The division fought in the Jassy–Kishinev Offensive in August and was awarded the Order of the Red Banner on 15 September for "exemplary fulfillment of command tasks", capturing Roman, Bacău, Bârlad, and Huși, and its "valor and courage". Colonel Viktor Okorokov took command of the division in September after it was awarded the Order of the Red Banner for its actions. The division covered the crossing of the Tisza during the Battle of Debrecen. On 20 October, Colonel Matvey Gushin took command of the division, part of the 7th Guards Army. In the Budapest Offensive, the 5th covered the troops of the army in the breakthrough of Axis defenses at Abony, the advance northeast of Budapest, the crossing of the Danube, and the encirclement of Axis troops in Budapest.
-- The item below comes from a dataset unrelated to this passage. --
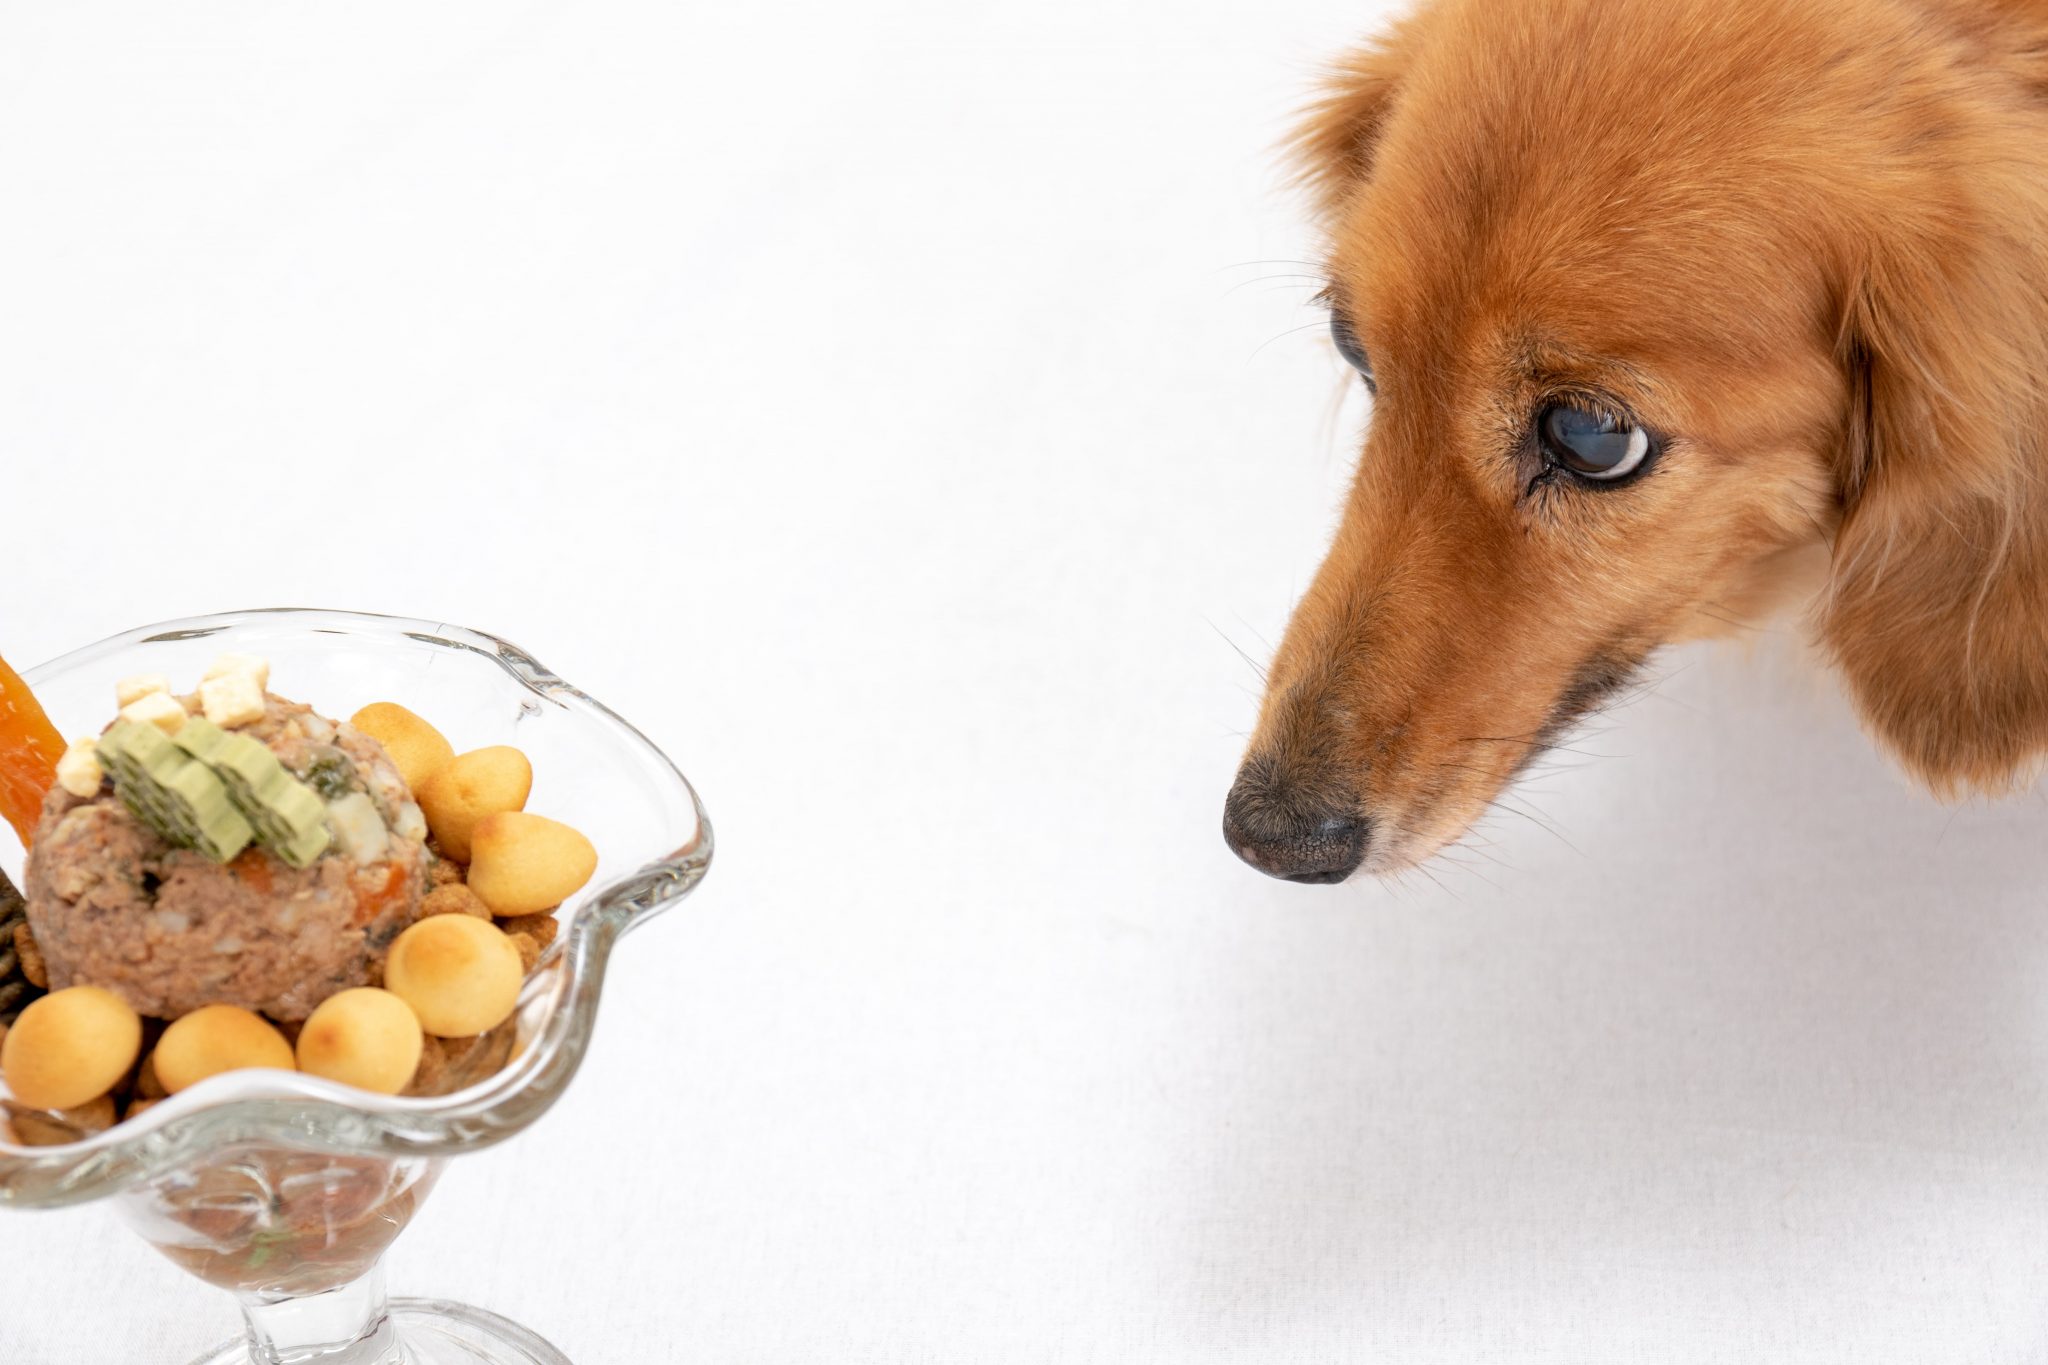 犬に与えるといい食材 与える際の注意点やポイント Newscast

The division was awarded the Order of Kutuzov, 2nd class, on 6 January 1945 in recognition of its performance in the breakthrough of the Axis defenses and the crossing of the Danube. The division then fought in the Siege of Budapest until February 1945. 743rd Regiment battery commander Senior Lieutenant Eduard Ayanyan was awarded the title Hero of the Soviet Union for his leadership of his battery in cooperation with infantry units in the Budapest street fighting. 1119th Regiment gun commander Yefreytor Vasily Chernoshein was made a Hero of the Soviet Union for helping to repulse a counterattack with direct fire from his gun on 9 January in the City Park area. The 5th fought in the Bratislava–Brno Offensive in March and April. For helping to capture Bratislava on 4 April, the division received the city's name as an honorific. The 5th ended the war in Czechoslovakia.

== Postwar ==
After the end of the war, the division was disbanded in September, still under Gushin's command.